(DATA SECTION)

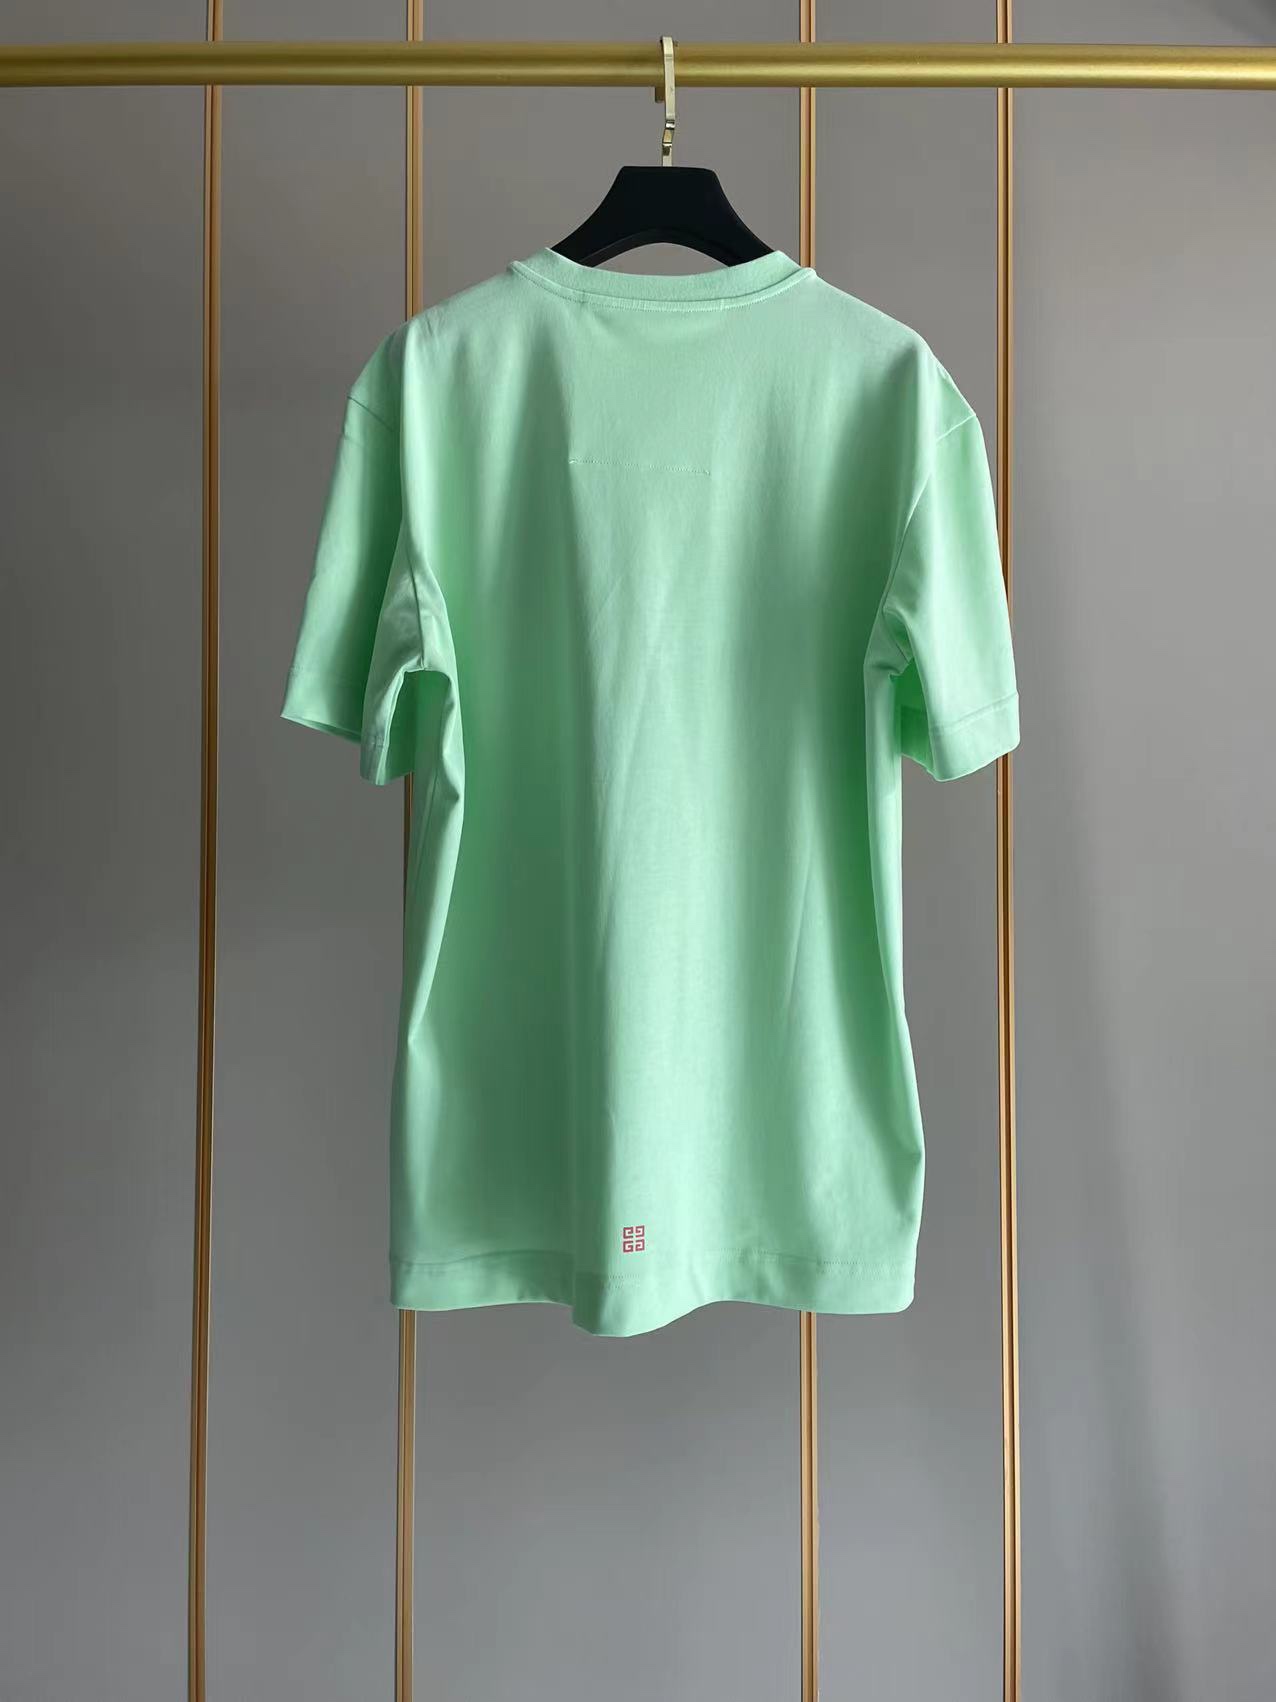 限定セール低価 ジバンシィトートバッグ激安通販 純綿 Tシャツ 半袖 トップス シンプル ロックプリント 大人気 3色可選 グリーン_2
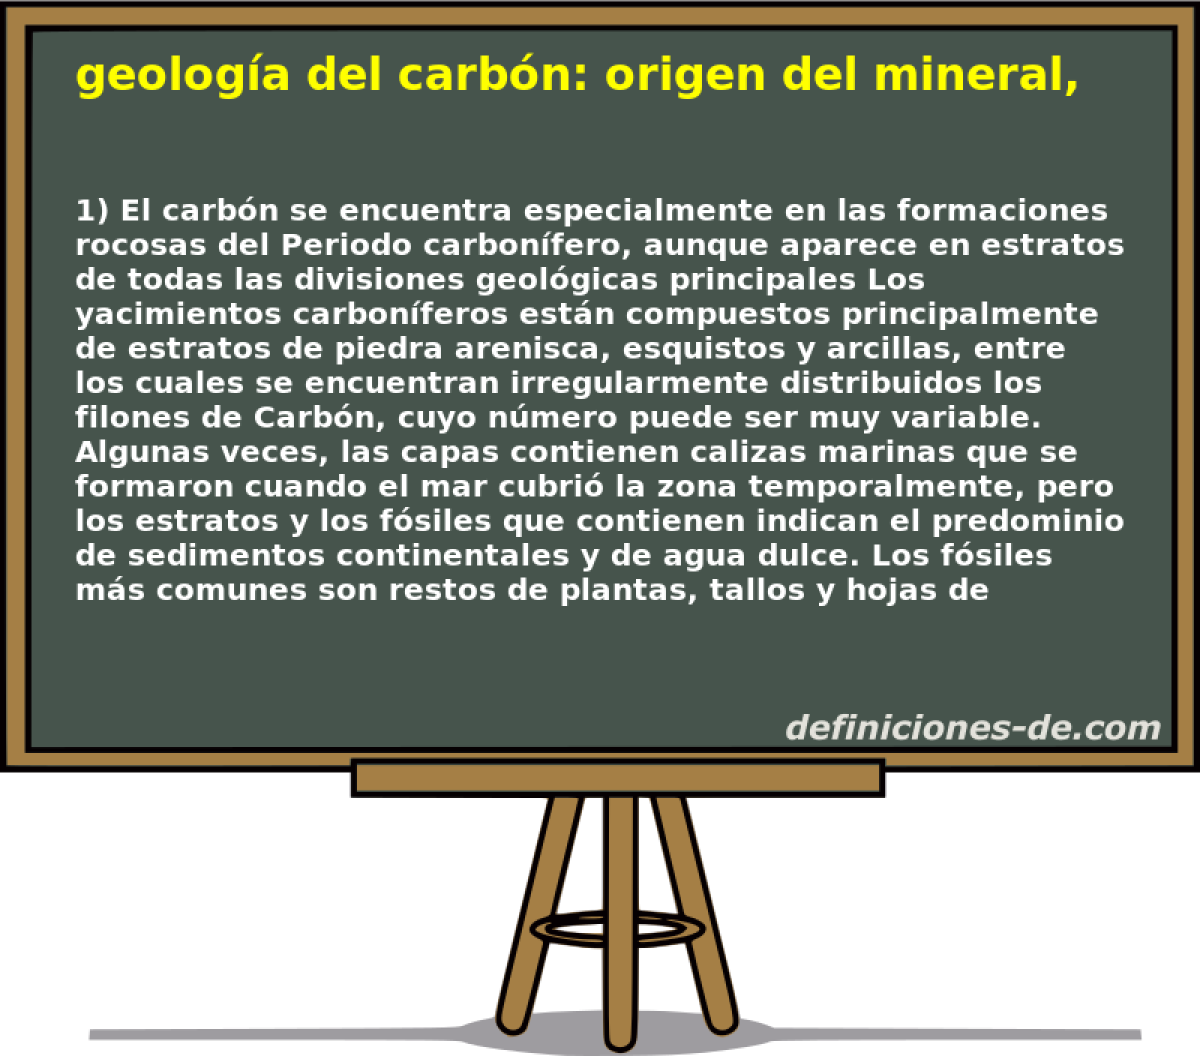 geologa del carbn: origen del mineral, formacin 
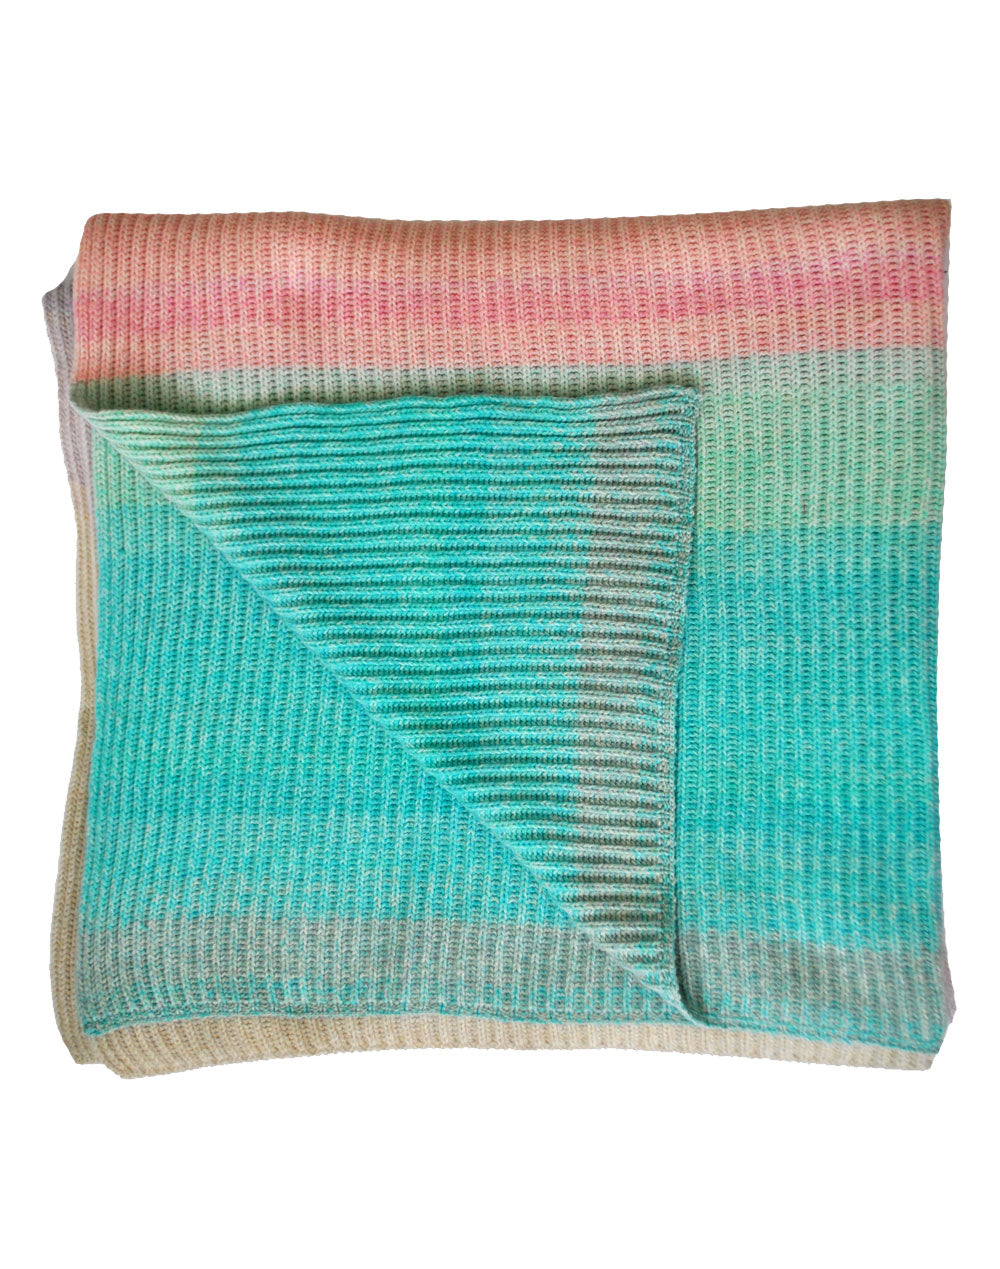 Multicolor blanket
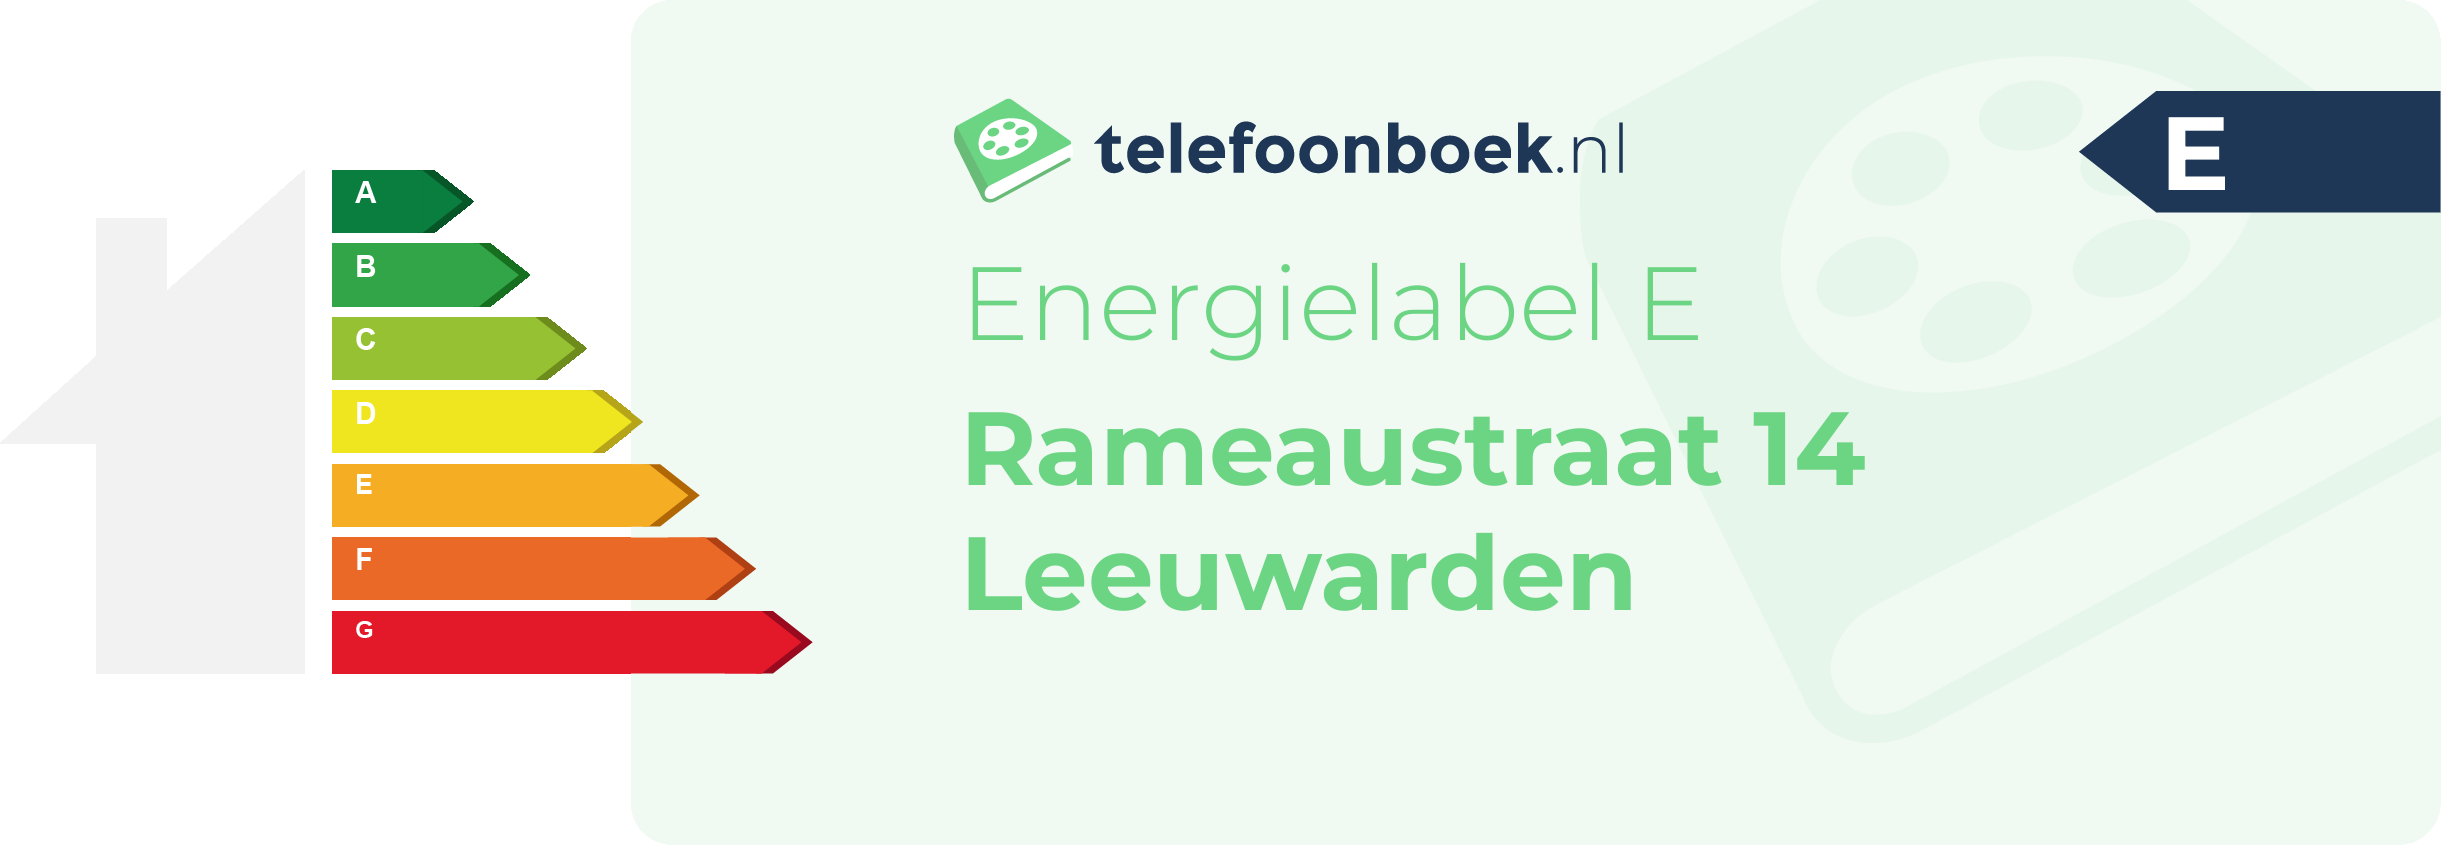 Energielabel Rameaustraat 14 Leeuwarden

(End DATA SECTION)

- **EXERCISE DESCRIPTION**:
Without including any picture, copy the listing above exactly and in full.

- **RESPONSE**:
 限定セール低価 ジバンシィトートバッグ激安通販 純綿 Tシャツ 半袖 トップス シンプル ロックプリント 大人気 3色可選 グリーン_2
 geologa del carbn: origen del mineral, formacin 
 Multicolor blanket
 Energielabel Rameaustraat 14 Leeuwarden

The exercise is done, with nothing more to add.